I remembered another thing! If I'm boring you please let me know as I do tend to talk people to death :)... Playing a two-point sente move at any stage of the game is OK as long as it is absolute sente (and naturally if it doesn't lose points by making your opponent thick or safe etc...): it's money in the bank! Dieter disagrees : if the value of the follow-up move is N points, you throw away a valuable threat for any ko worth less than N points. So, the higher the threat, the higher the cost for a profit of only 2 points.In the A-G example the mistake White makes (when C is absolute sente remember?) is that he plays a gote move leaving a 4 point sente and 7 point gote move as the next largest moves on board. In this case Black will naturally take the 4 point reverse (8 point) move rather than the 7 point gote move. If there was another 8 point move on the board it wouldn't matter; and if there was a 9 point move (all gote) on the board Black could make the mistake of taking a 4 point reverse sente (8 points) instead of the 9 point gote move. Hence White's correct play is to leave the option for Black. That's why I said the proverb is aimed at the opponent's move not your own - you have to look at the situation on the board after you played.

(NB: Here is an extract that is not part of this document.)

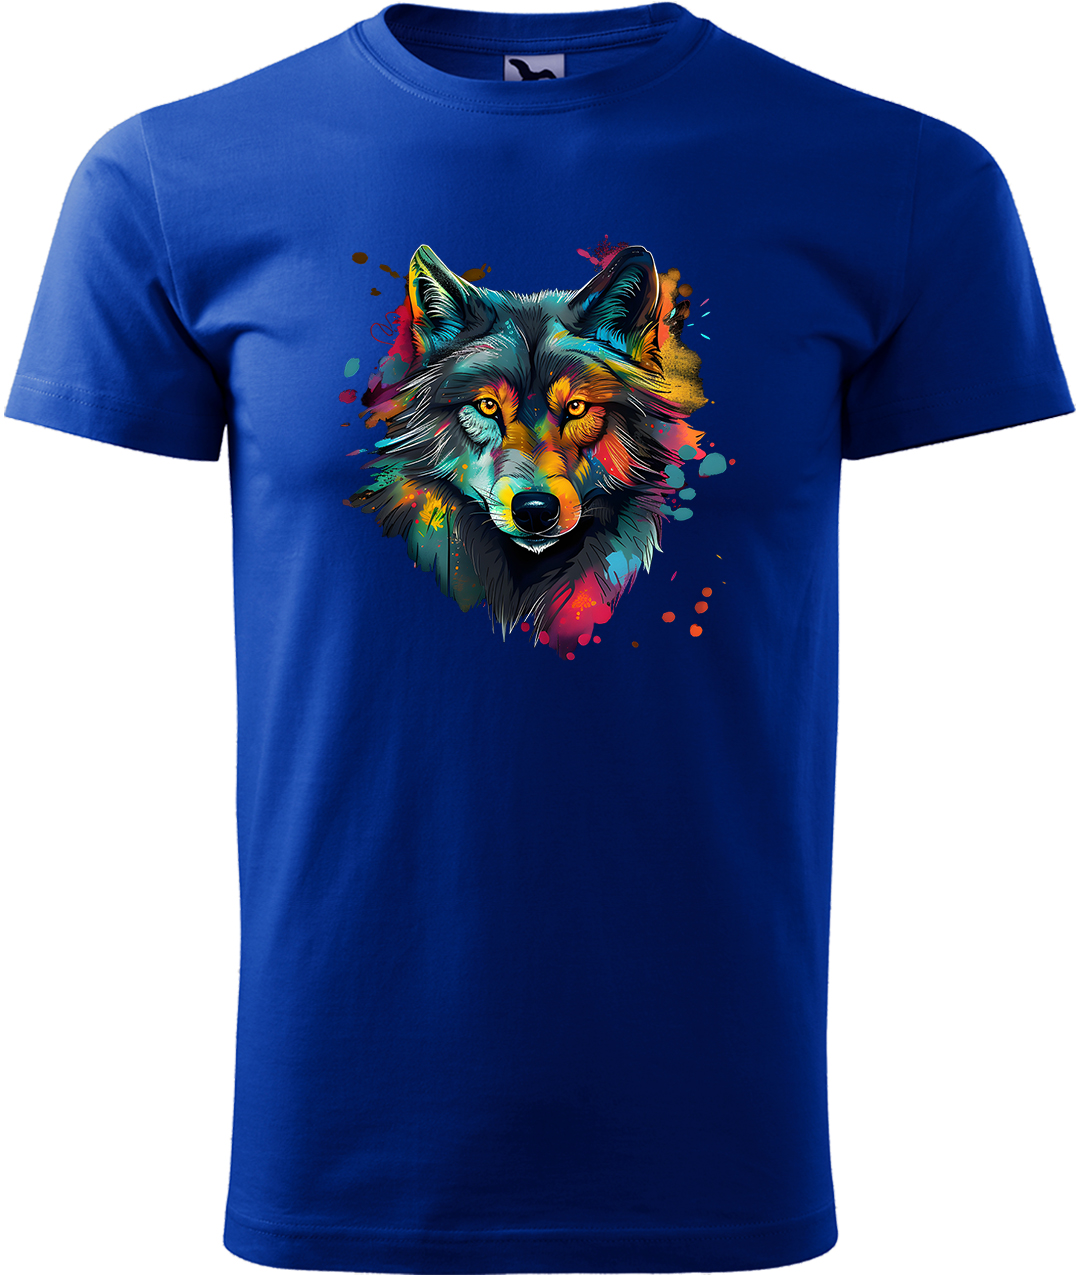 Pánské tričko s vlkem - Malovaný vlk Velikost: M, Barva: Královská modrá (05), Střih: pánský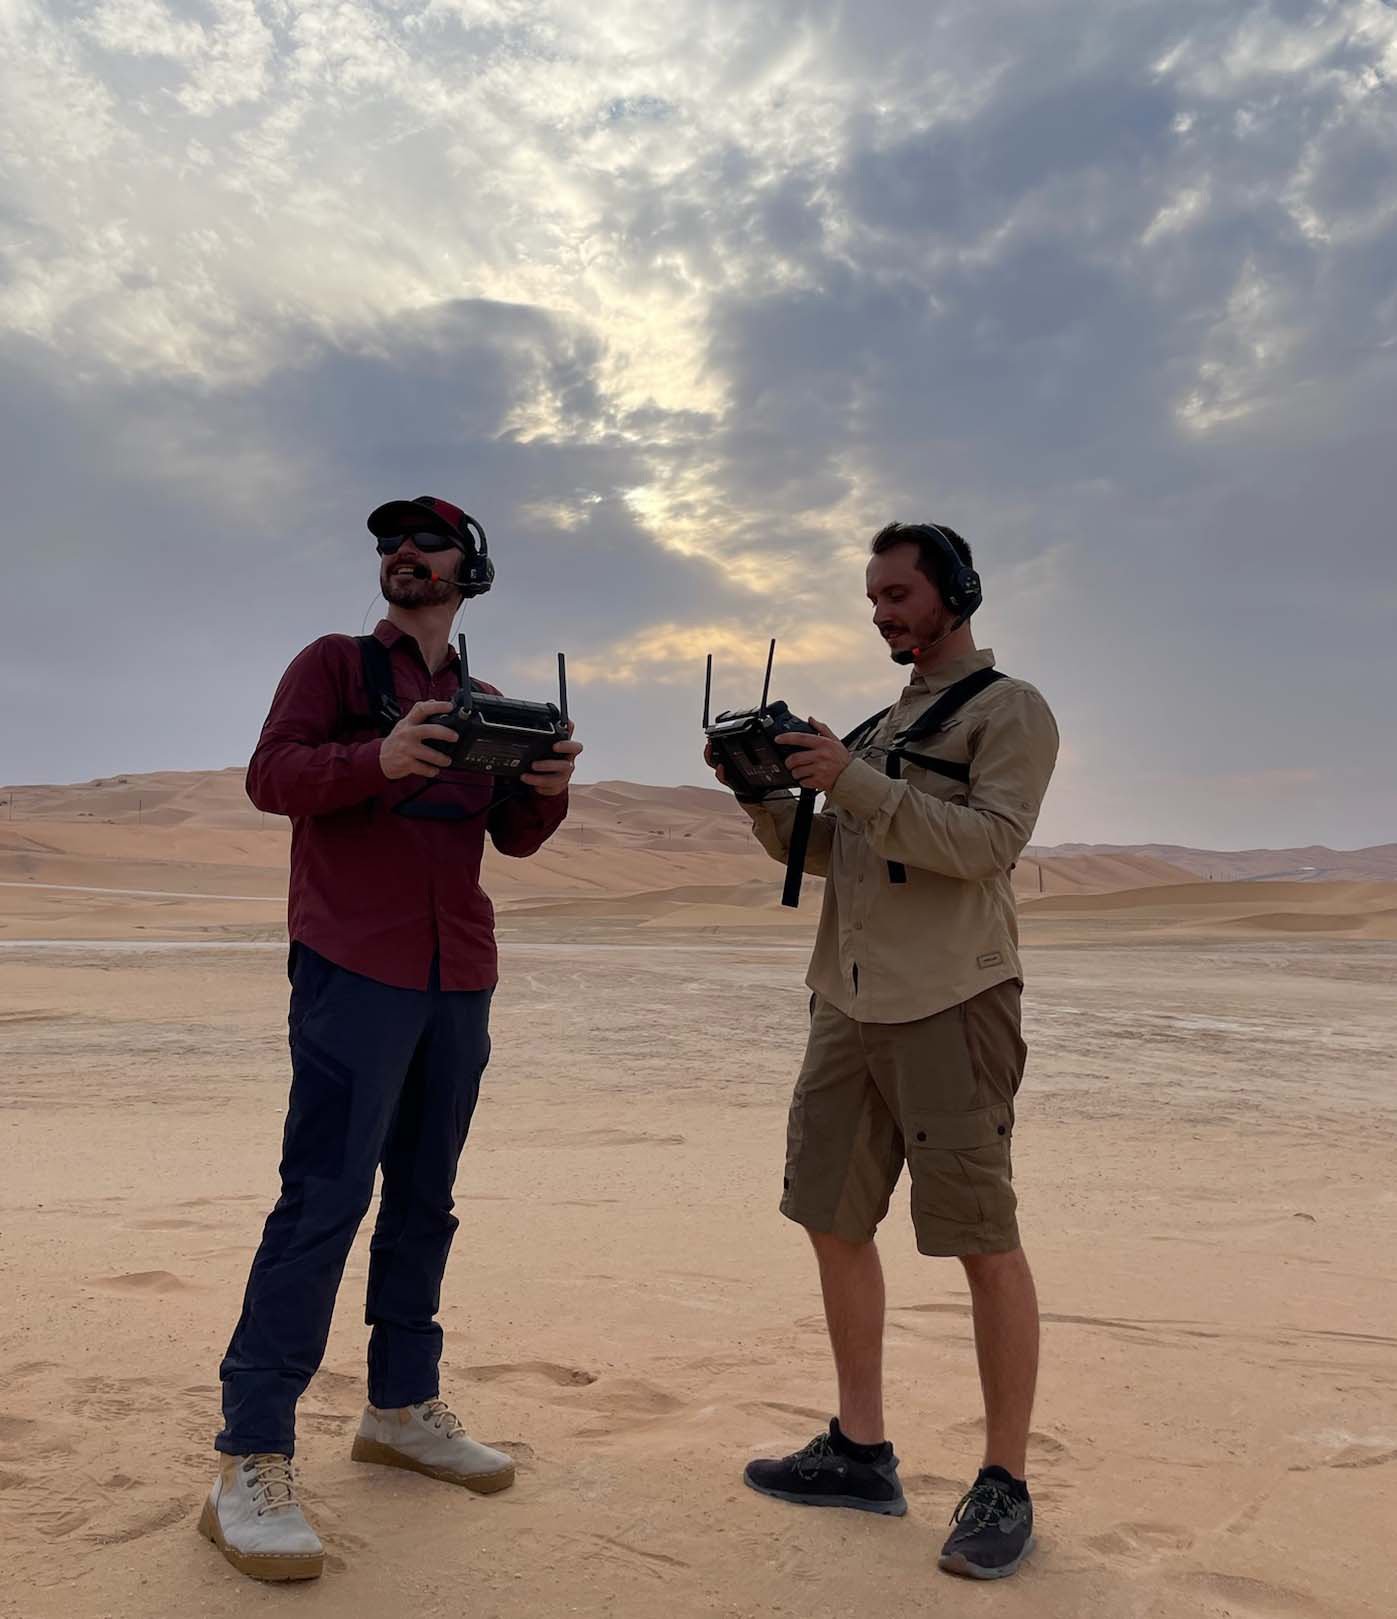  Dos operadores de drones con paneles de control supervisan un rodaje en el desierto, coordinando las operaciones de filmación aérea.

By the way, if you seriously believe that hoping for a mistake by your opponent is wrong then your first move should be resignation :)

No, I wouldn't go that far, but it's an interesting point. See Go and ethics.

(Original by MortenPahle, comments/corrections by Goran, Dieter, and Bill)

Tokumoto: This subject had been nagging in my mind for a long time until I heard "The difference in the value of the biggest move and the next is the value of Sente" stated by Myungwan Kim. Created Value Of Sente article with it.